I find this sequence of events to be extraordinary:

I have never been to Pennsylvania, and a Pennsylvanian customer had never heard of me. Yet he read about the book’s website, liked what he read, and clicked on a button. This transferred money from his US bank account to my UK bank account, and sent me an email to alert me that I needed to keep my part of the bargain. I then sent the book to him across 4500 km of sea, and he seems to have greatly enjoyed reading it. Thousands of people around the world are benefiting from these systems of international trade. It all begins with Paypal.

Paypal

Paypal (www.paypal.com) started out as a small American company that let anyone transfer money to anyone else in America. In Europe we have been used to this kind of service for many years, but for Americans it was incredible that they were not being charged for it. But Paypal went on to do much more. The company allowed these transfers through the internet and mobile phones. It then expanded to allow transfers between an increasing number of countries (albeit with charges). And it allowed anyone to accept transfers from a credit card.

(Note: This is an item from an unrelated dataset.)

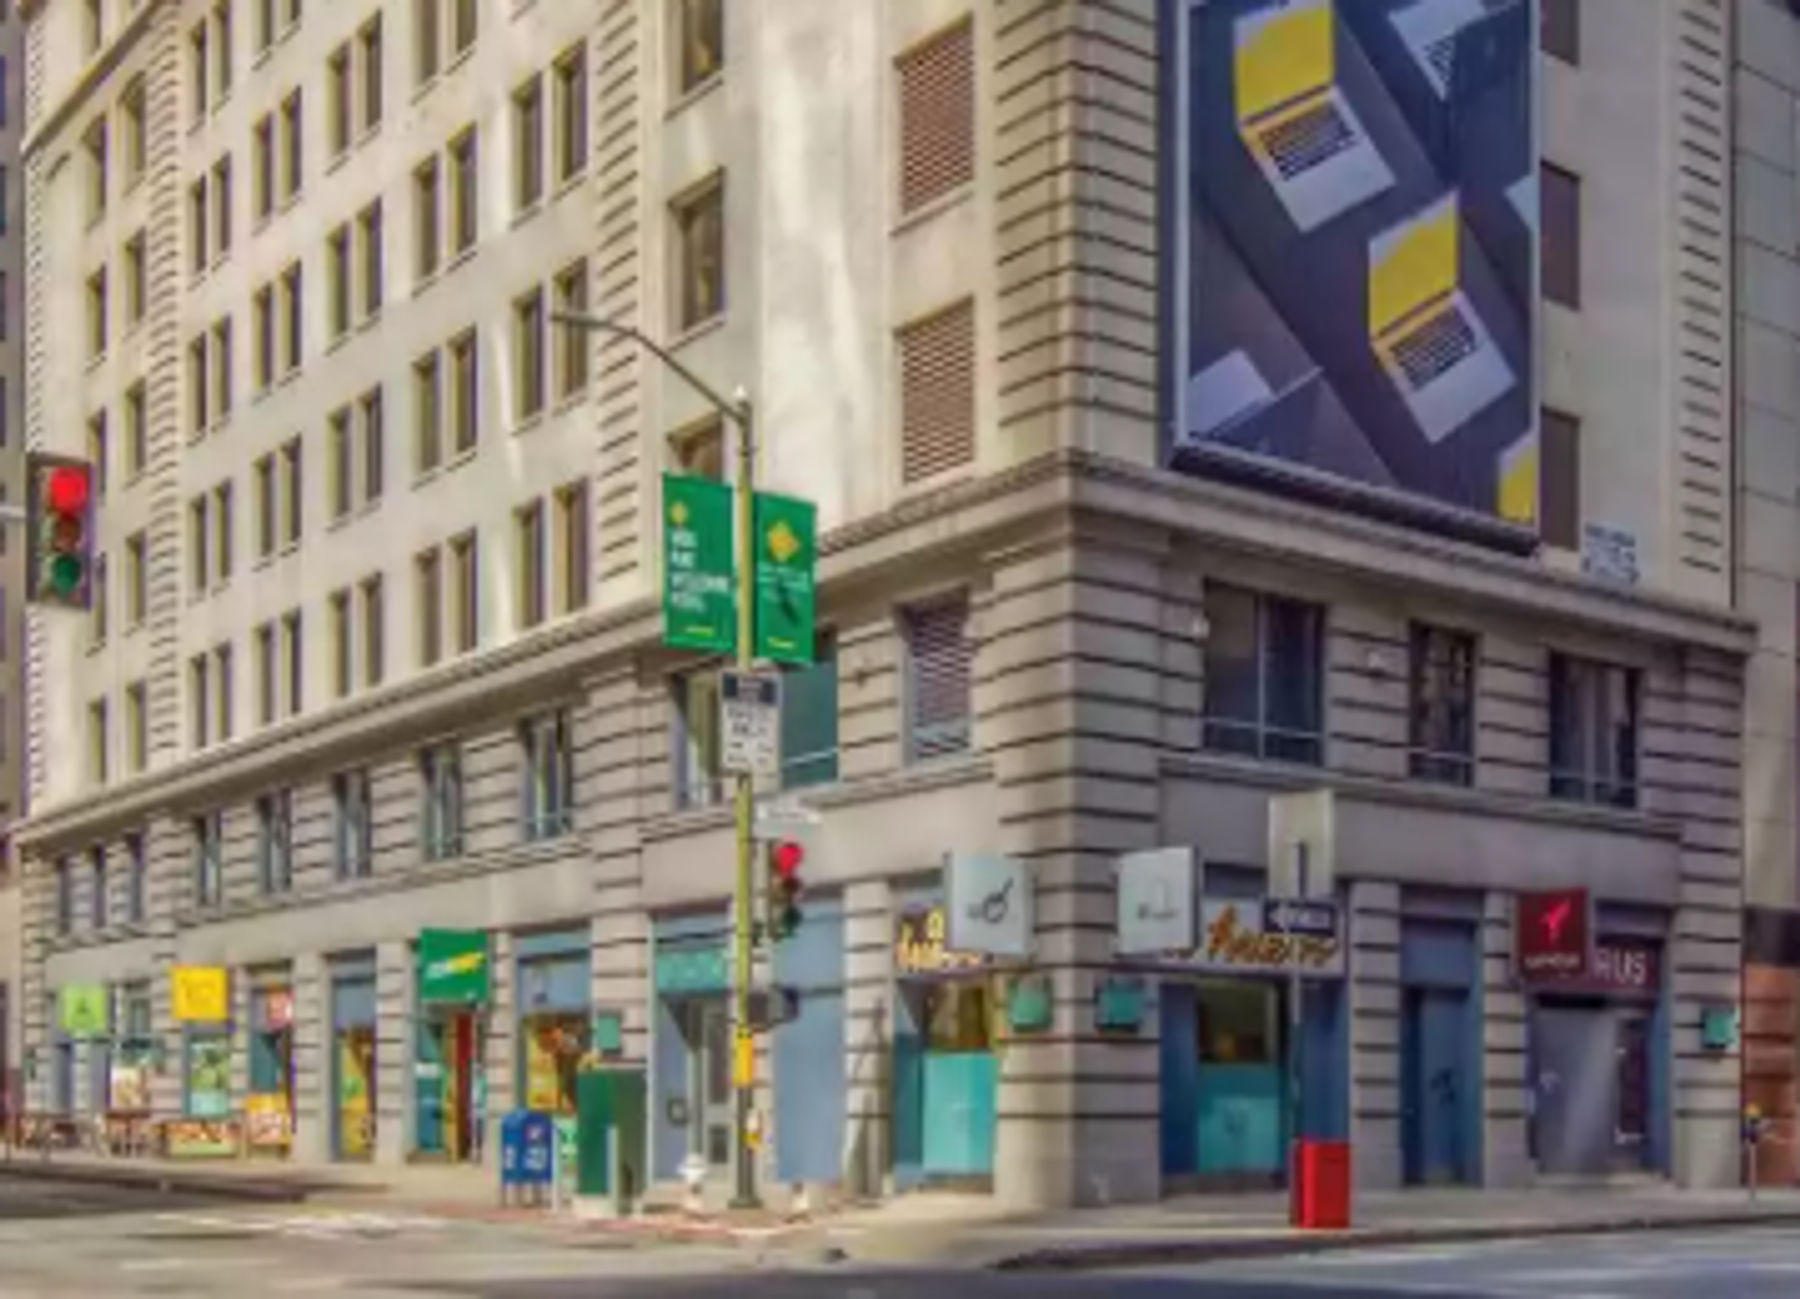 Pine St Ground Floor Retail - 3 Units Available | Downtown San Francisco

It costs no money to get an account through Paypal’s website and only a little effort to integrate their buttons into your own website. Your website can then sell your good, and the buttons can accept payments.

Postage

Three things are worth noting. Firstly, writing “Printed papers” on the package qualifies you for reduced costs. This label is a great help for any publisher.

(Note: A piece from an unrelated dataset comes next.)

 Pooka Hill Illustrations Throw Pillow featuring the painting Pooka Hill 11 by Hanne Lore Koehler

Secondly, for overseas postage you often have to document the package’s content and cost, in case the buyer has to pay customs tax. Make friends with your post office clerk and he or she will guide you through this process.

Finally, postage will take up a lot of your time. Initially, making trips to the post office will be a pleasure because it is confirmation that someone somewhere wants your book enough to pay for it. But soon the trips become tiring, and you will wish for someone else to take on this role. This is the time to consider selling your book to another publisher.

Selling to another publisher

If your book becomes a success, a traditional publisher will become interested in buying it from you and will take on many of the tasks that you found tedious such as marketing and order management. It also means you start from a position of power—the standard contract that publishers send you becomes a starting point for negotiations because you have already taken away the risk of publishing an unpopular book. Choose your publisher wisely—each has its own strengths and weaknesses, and you must make sure that these match your book’s needs. A quick way to start this is to look at books that you like best in your field, and to note which publishers were responsible for them.

Is it all worth it?

So, you have written, printed, published, marketed, and sold your book. Are you now rich? Rarely. If you do your job well you should be able to get some money for your efforts. If money is your motivation there are faster and easier ways to make it.

But there is something different about money that you earn through your enterprise and innovation.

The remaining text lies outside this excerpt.